| name | cxas-protocol-robust-extraction |
| description | A robust methodology for LLM-based requirements gathering and high-fidelity artifact generation. Employs 'Divide, Conquer, and Verify' tactics using specialized subagents, iterative exhaustion loops, and batched execution to ensure zero data loss. |
Robust Extraction Protocol
This protocol defines the standard operating procedure for extracting exhaustive
requirements (like subintents, CUJs, or logic rules) from large, complex, or
fragmented customer artifacts.
It prevents the common LLM pitfalls of "context drift" and "truncation" by
enforcing a strict "Divide, Conquer, and Verify" methodology.
General Principles & Anti-Hallucination Guardrails
To ensure 100% coverage and prevent data loss due to tool limits or implicit
filtering, follow these principles across all phases:
- Quantify the Scope: Before spawning any subagents or starting
extraction, determine the exact total count of target items (files,
directories, database rows). Record this number as your "Success Target."
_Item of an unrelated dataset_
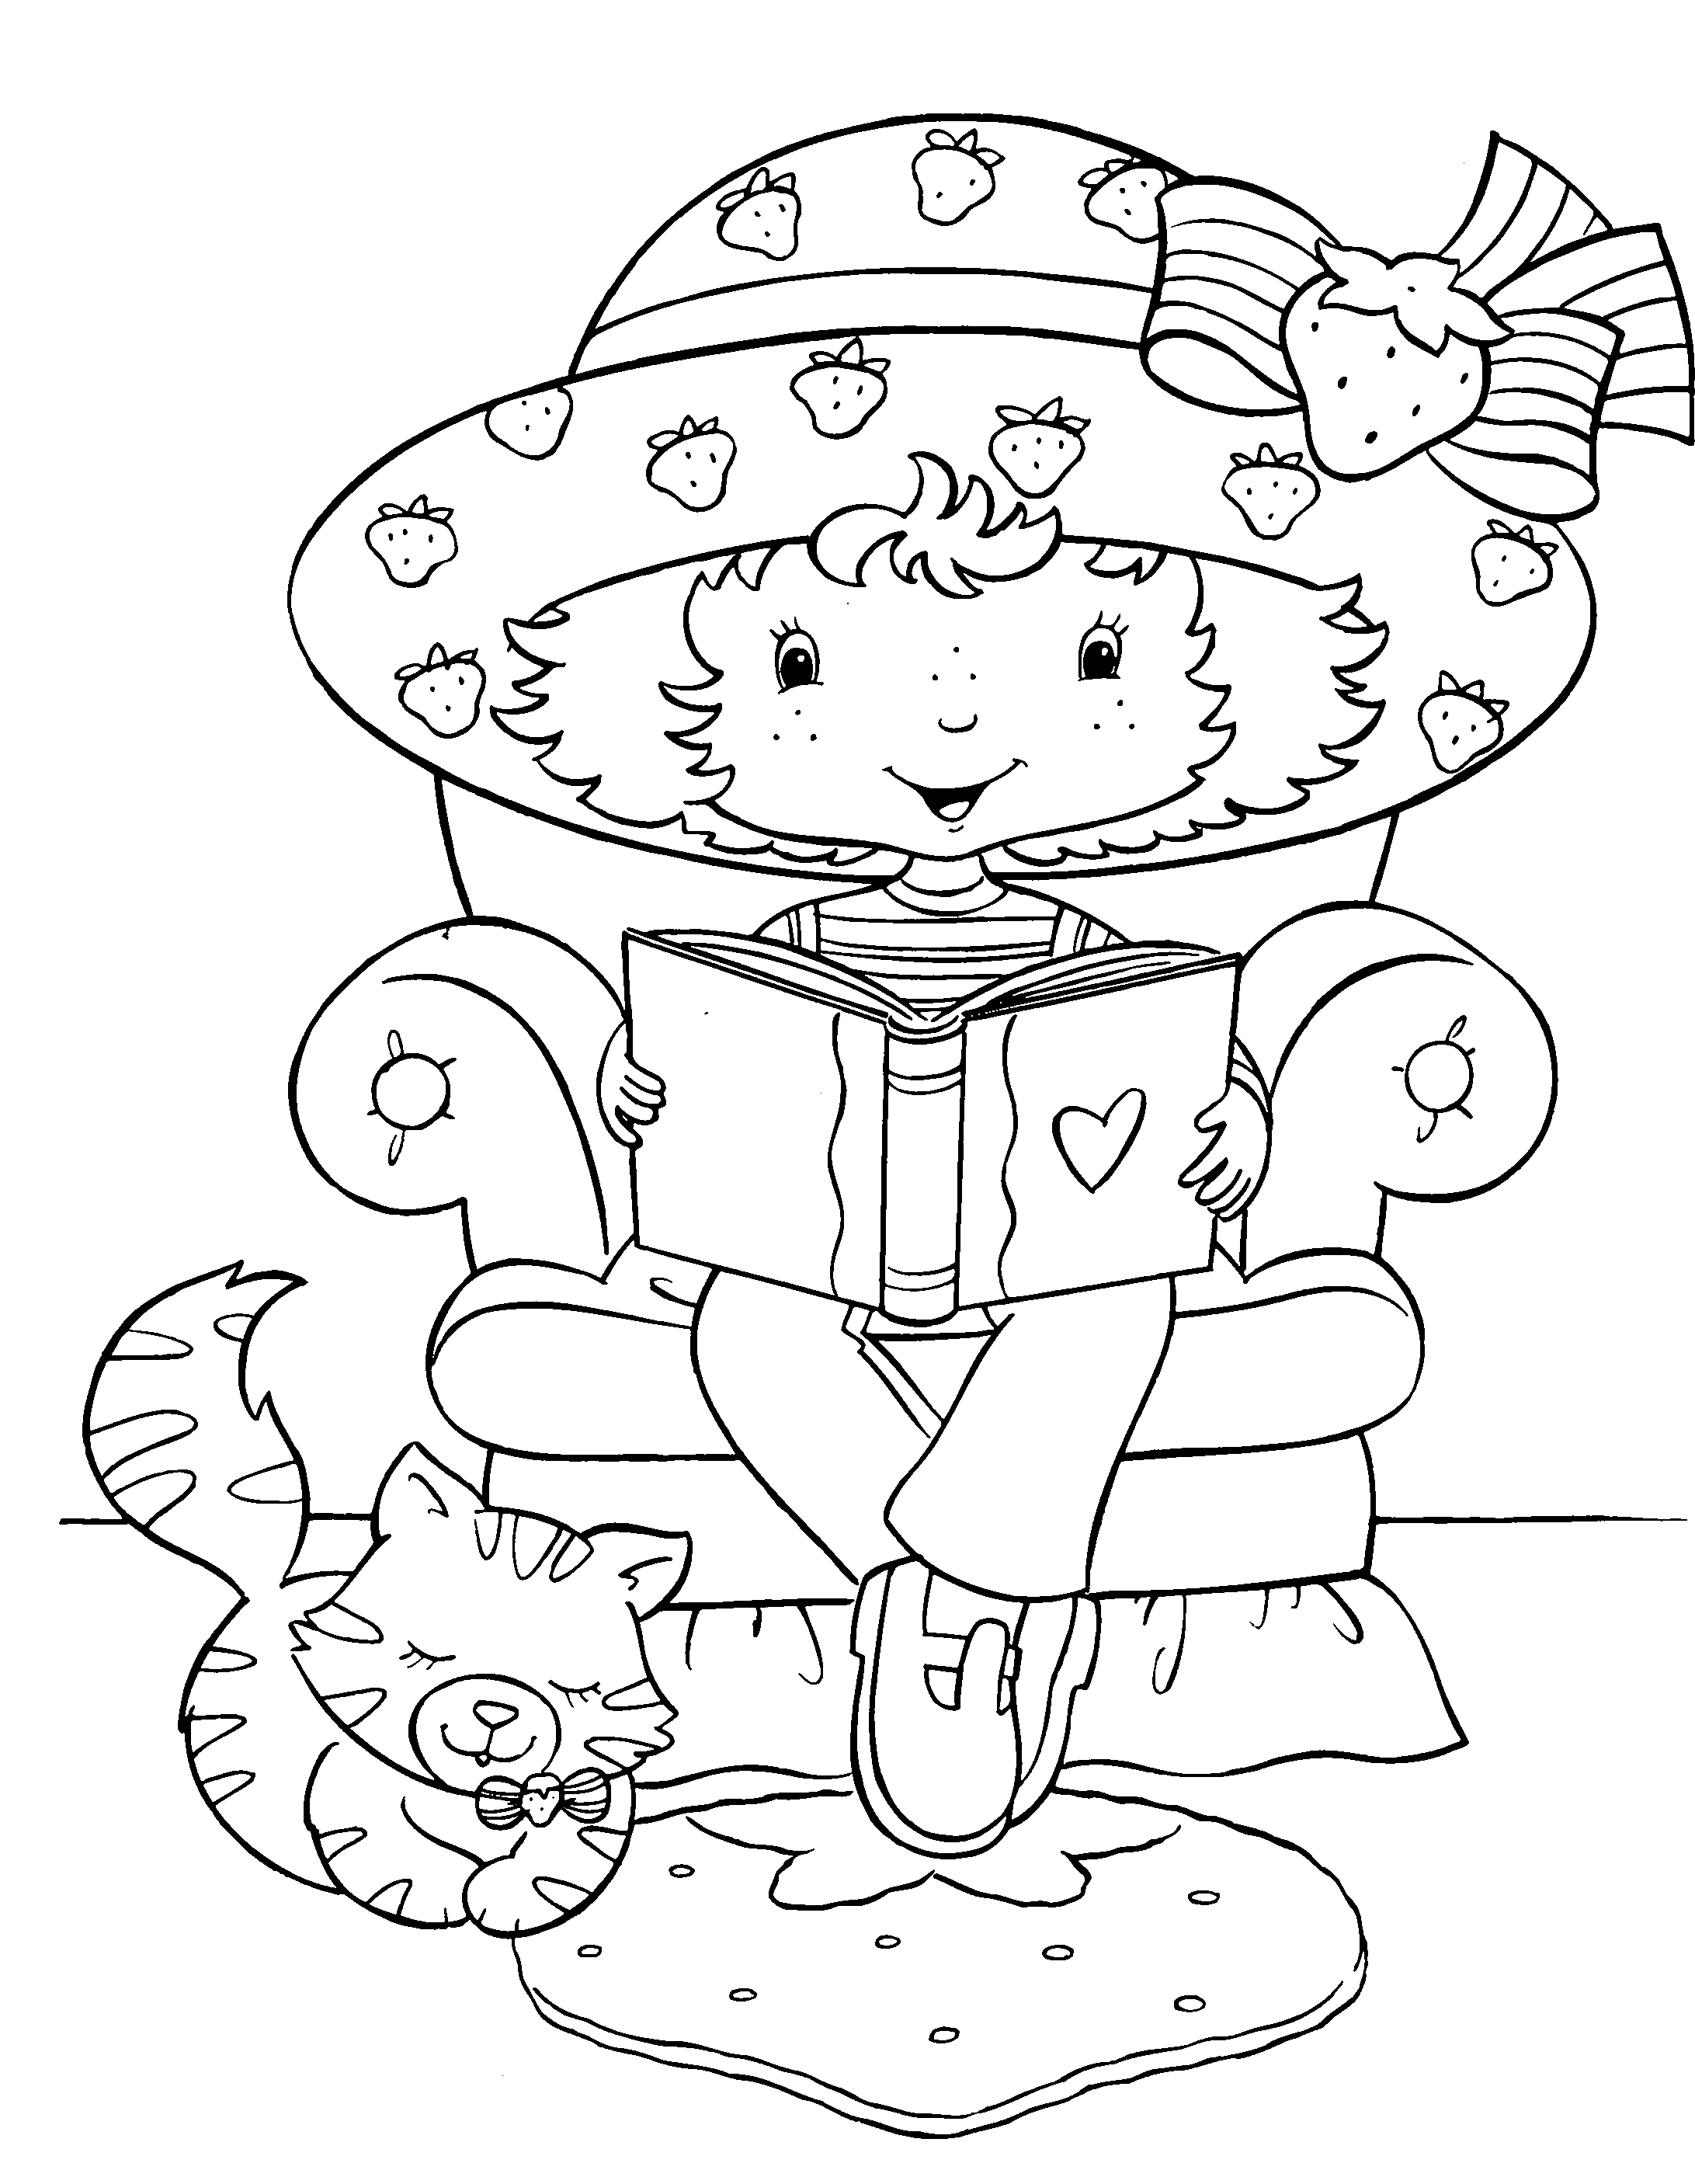 Drawing of Strawberry Shortcake to color

You must verify that the sum of items processed equals this target before
proceeding to consolidation.
- Coverage over Curation: Default to 100% extraction coverage. Never
assume the user only wants the "top" or "most interesting" items unless
explicitly instructed to apply a quality filter. A standard or repetitive
item is still data that must be reported.
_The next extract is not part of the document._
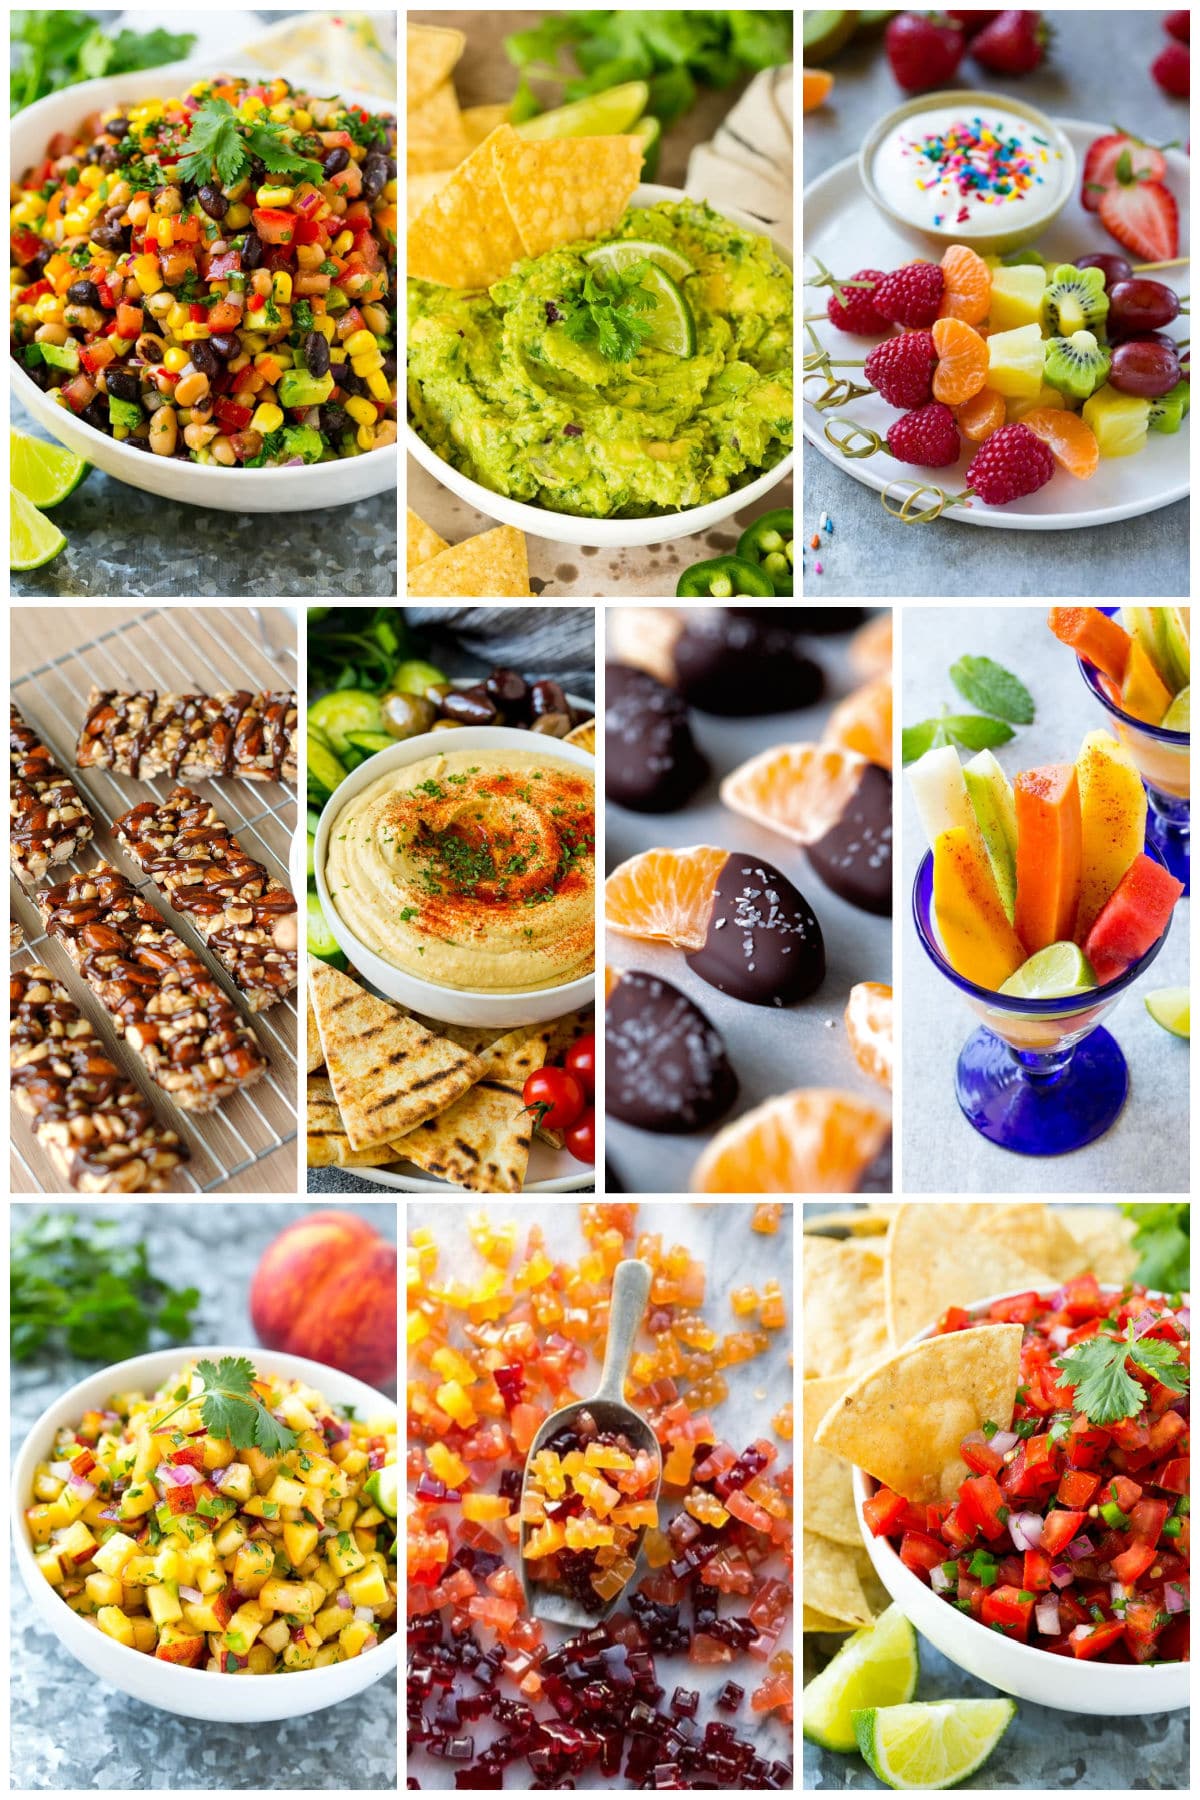 A collection of images of colorful quick bites like hummus and fruit kabobs.

- Circumvent Tool Caps: Be aware that search and listing tools often have
display limits (e.g., capped at 50 or 1000 results). If the expected scale
(from the Quantify step) exceeds the tool's limit, you must partition the
work (e.g., by alphabet or ID range) to ensure no items are hidden by the
tool's cap.
- Maintain Traceability: For every extracted requirement or item, record
the source file or location it was extracted from. This allows for easy
verification and provides context when reviewing the consolidated results.
Core Directives
When tasked with comprehensive extraction or generation from a large corpus, you
MUST follow this four-phase methodology:
Phase 1: Parallel Expert Discovery
Never use a single generalist agent or a single prompt to read all files.
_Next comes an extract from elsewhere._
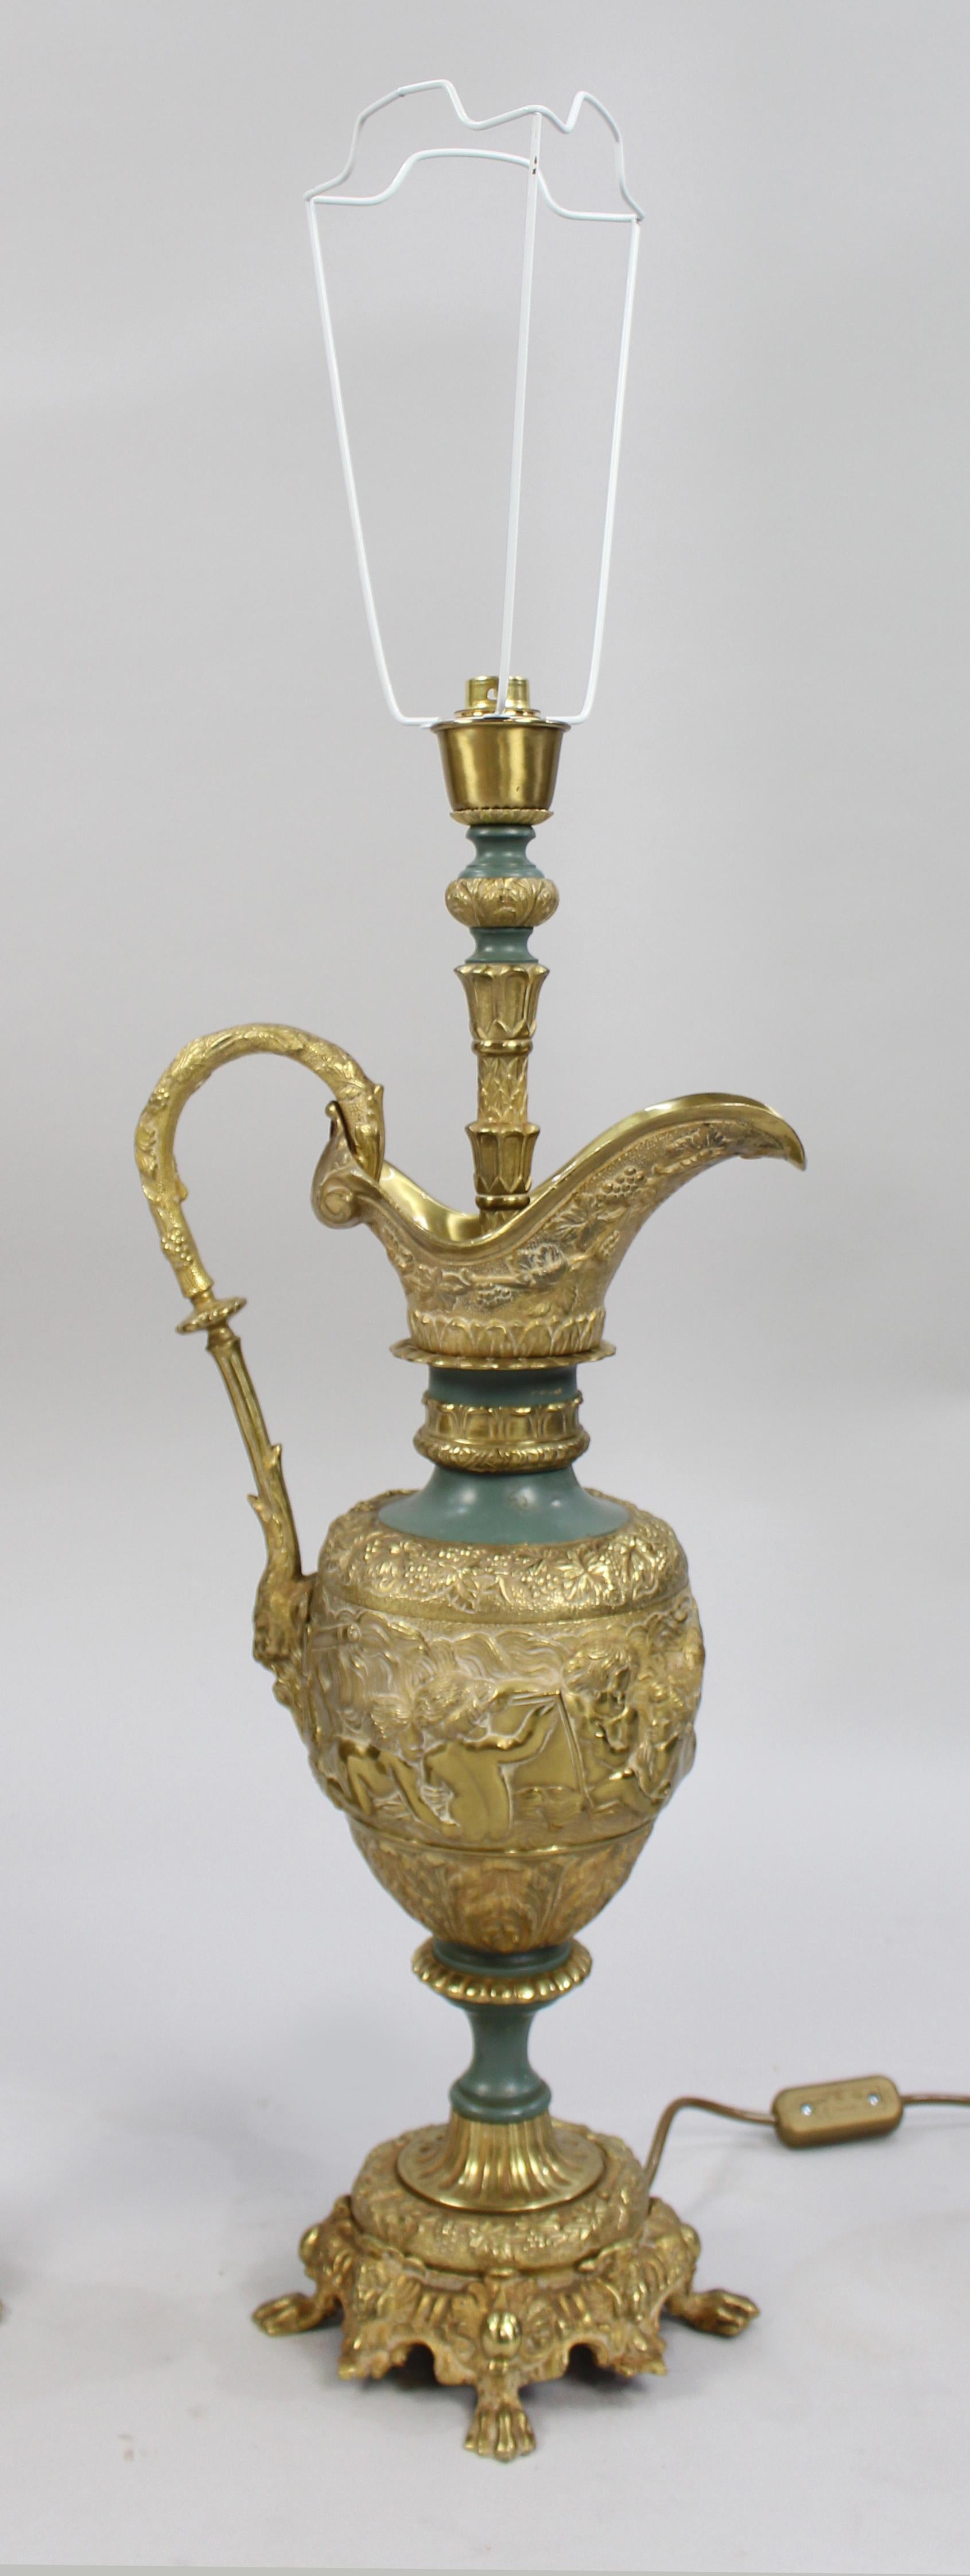 19th Century Pair of Antique Ormolu Ewer Form Table Lamps For Sale

- Categorize the input artifacts (e.g., Code/ADK, Diagrams, Test Cases).
- Spawn specialized expert subagents (e.g.,
cxas-ingestor-adk) in
parallel, providing each with only the context relevant to their expertise.
- Consolidate their initial findings into a centralized list.
Phase 2: The Iterative Exhaustion Loop
LLMs often miss items in a single pass of a large document. You must force them
to iterate.
- Provide the current consolidated list of findings back to the expert
subagents.
- Ask a direct question: "Based on your artifacts, are there ANY MORE items
missing from this list? If yes, list them. If no, reply EXACTLY 'NO'."
- The Loop Rule: You MUST continue this loop, updating the consolidated
list each time, until ALL expert subagents unanimously reply with "NO".
Phase 3: Logical Clustering
Once the exhaustive list is finalized (e.g., 100+ subintents), organize it.
- Group the granular findings into high-level logical categories (Parent
CUJs).
- Verify with the experts that the parent categories encompass all findings.
Phase 4: Batched Execution & Verification
Never ask an LLM to generate 100+ complex artifacts (like conversational
transcripts) in a single prompt. It will hallucinate or truncate.
- Batching: Divide the exhaustive list into small, manageable batches
(e.g., 10 batches of 10 items). Write these batches to temporary files.
- Delegated Execution: Spawn a new subagent for each batch. Instruct
them to process only their assigned batch and write the output to a
specific file.
- The Verification Gate: As the orchestrator, you MUST verify the output
of each subagent. Did they generate an output for every single item in
their batch?
- If YES: Accept the batch.
- If NO: Discard the output and respawn the subagent for that specific
batch with stronger steering instructions.
- Consolidation: Only when all batches pass the Verification Gate, merge
them into the final, exhaustive deliverable.